Jack Pearadin and Doug Nelsen found a 1.73-carat diamond after nearly a year of searching the park's field.
At 2 a.m. Oct. 9, 1974, police stopped a car in Washington, D.C., carrying Wilbur Mills, the powerful Arkansas congressman from Kensett and chairman of the House Ways and Means Committee. He was drunk and his face was injured. Another passenger, Annabel Battistella, an Argentine stripper who performed under the name Fanne Fox ("The Argentine Firecracker"), got out of the car and jumped into the nearby Tidal Basin. He was 65; she was 38. Despite the scandal that followed, Mills survived a re-election challenge in 1974. But a second public appearance with Battistella at a Boston burlesque house later in November signaled the beginning of the end of his political career. Soon after, he resigned his chairmanship of the Ways and Means Committee, acknowledged his alcoholism and sought treatment. Battistella reportedly eventually returned to Argentina. Forty years after the Tidal Basin scandal, if she's still alive, Battistella would be 78. Mills died in 1992.
Pinnacle Books published "Fanne Fox," Battistella's biography and account of her time with Mills, in 1975. Here are a few of the juicy bits:
Battistella meets Mills at the club where she dances, The Silver Slipper.
"After my performance, Mr. Mills told me it was the loveliest dancing he had ever seen in his life."
Battistella and a friend go to dinner with Mills and back to his apartment for a nightcap.
" 'These two young ladies,' Wilbur said waggishly, pointing to Claudia and me, who were both dressed in glamorous evening clothes, 'are my nurses.' "
At Mills' apartment.
"As I walked out of the bathroom I bumped into Mr. Mills and couldn't help but look him up and down because of what he was wearing. He had changed into a robe beneath which I could see his long knee socks and his highly polished shoes."

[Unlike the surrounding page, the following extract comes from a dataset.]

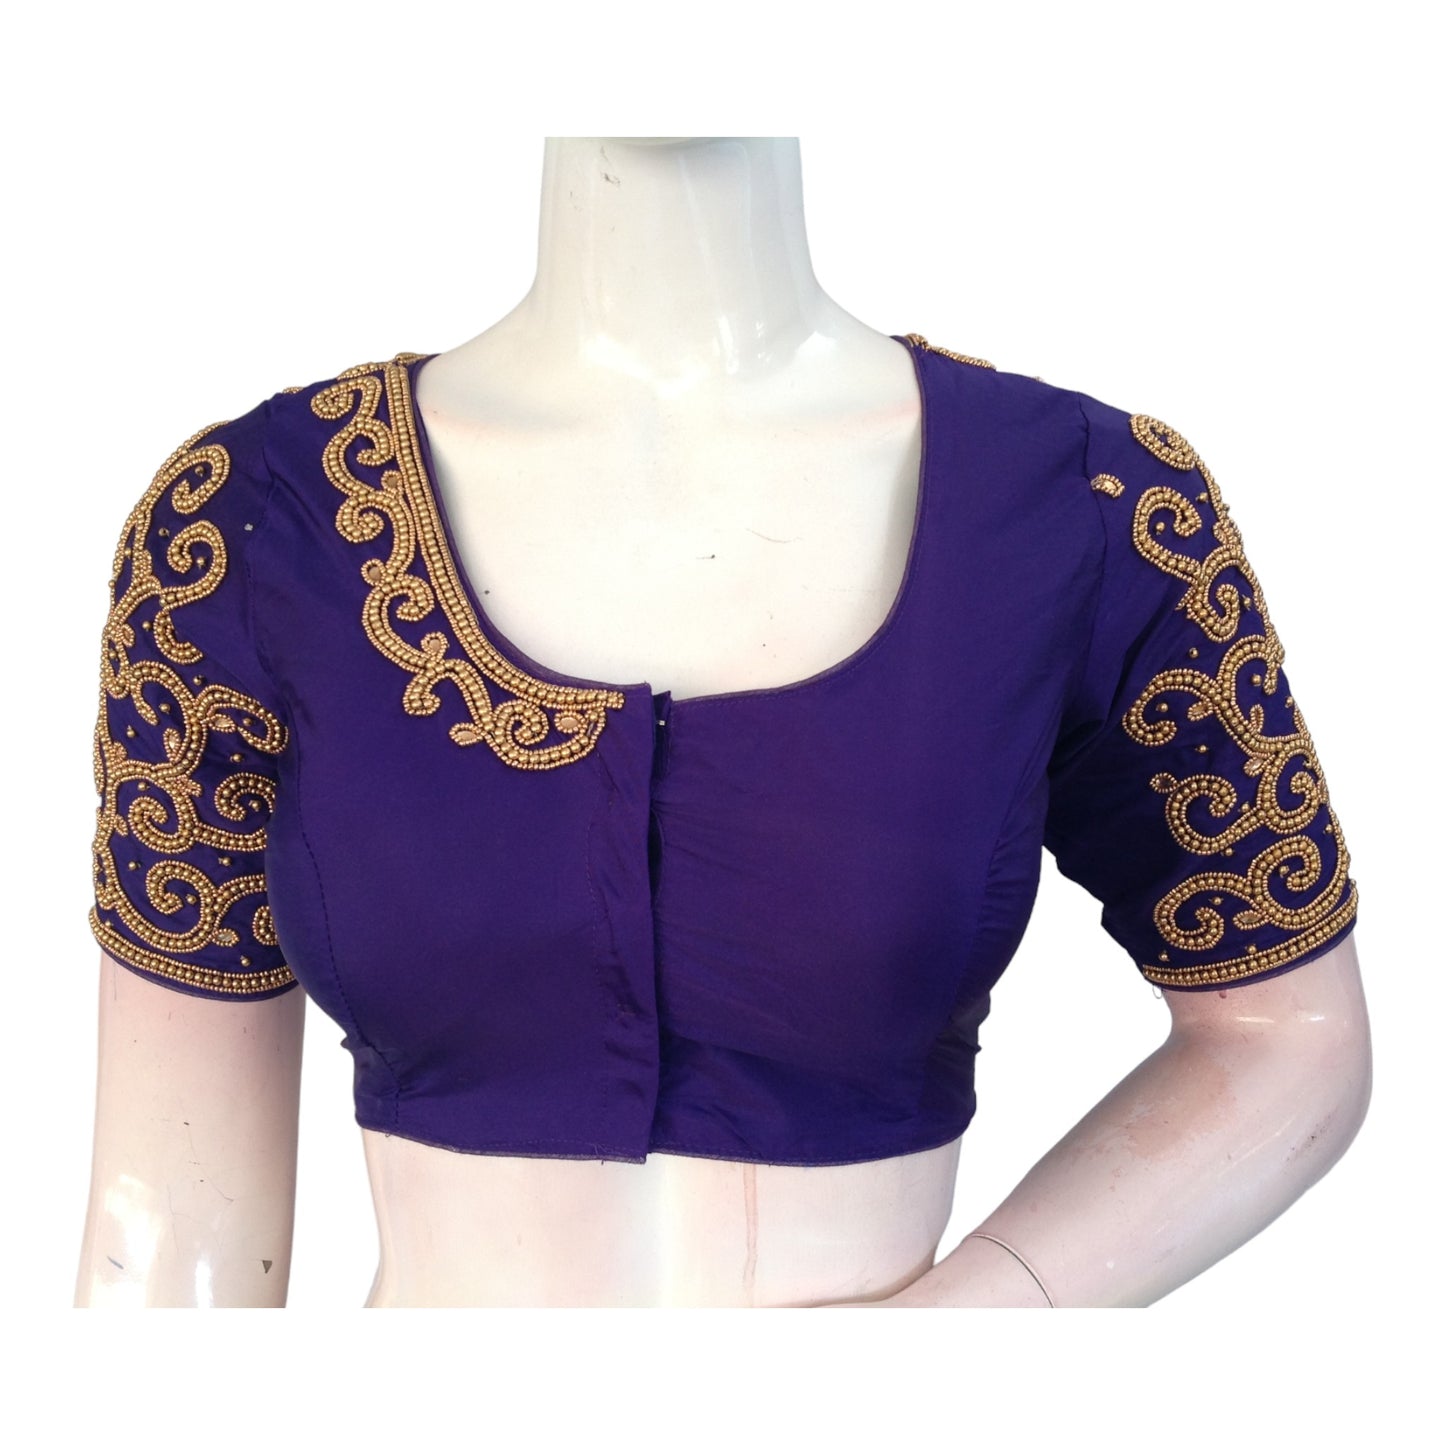 Exquisite Dark Purple Aari Hand Work Saree Blouses| Party Wear | Made in India

Battistella and Mills begin an affair.
"The nice advantages about our older man-younger woman romance were his wisdom and the variety of information exchanged between us because of the generation difference. He knew things I could not possibly know, not from book learning but from being there, and I was able to contribute to his life with the cultural and emotional products of my generation."
After a night of drinking, Battistella writes that she and Mills get into a lover's spat, hitting and clawing at each other's faces, before they're stopped by police.
"Wilbur ordered me to stay in the car, but I was very defiant and I would not. ... Then Wilbur started to get out and I told him to stay in the car. But he would not, and the yelling started all over again. ... There were lights glaring on us from the uniformed police flashlights and headlights, and the television cameramen. ... Uppermost in my mind when I saw all this activity was that I had gone too far this time, I had lost him, and I just had to get away. So I dashed over to the stone parapet near the bridge over the Tidal Basin, and I dove in head-first."
"Down in the dark, deserted water I dived very deep, not knowing or caring where I would come up. My long, expensive evening dress lapped around my legs, but I felt nothing."
The scandal lands Battistella job offers.
"At first he protested that he did not want me back in the business, but when I explained I needed the income, and should exploit this chance, he capitulated, 'as long as you don't remove all your clothes.' "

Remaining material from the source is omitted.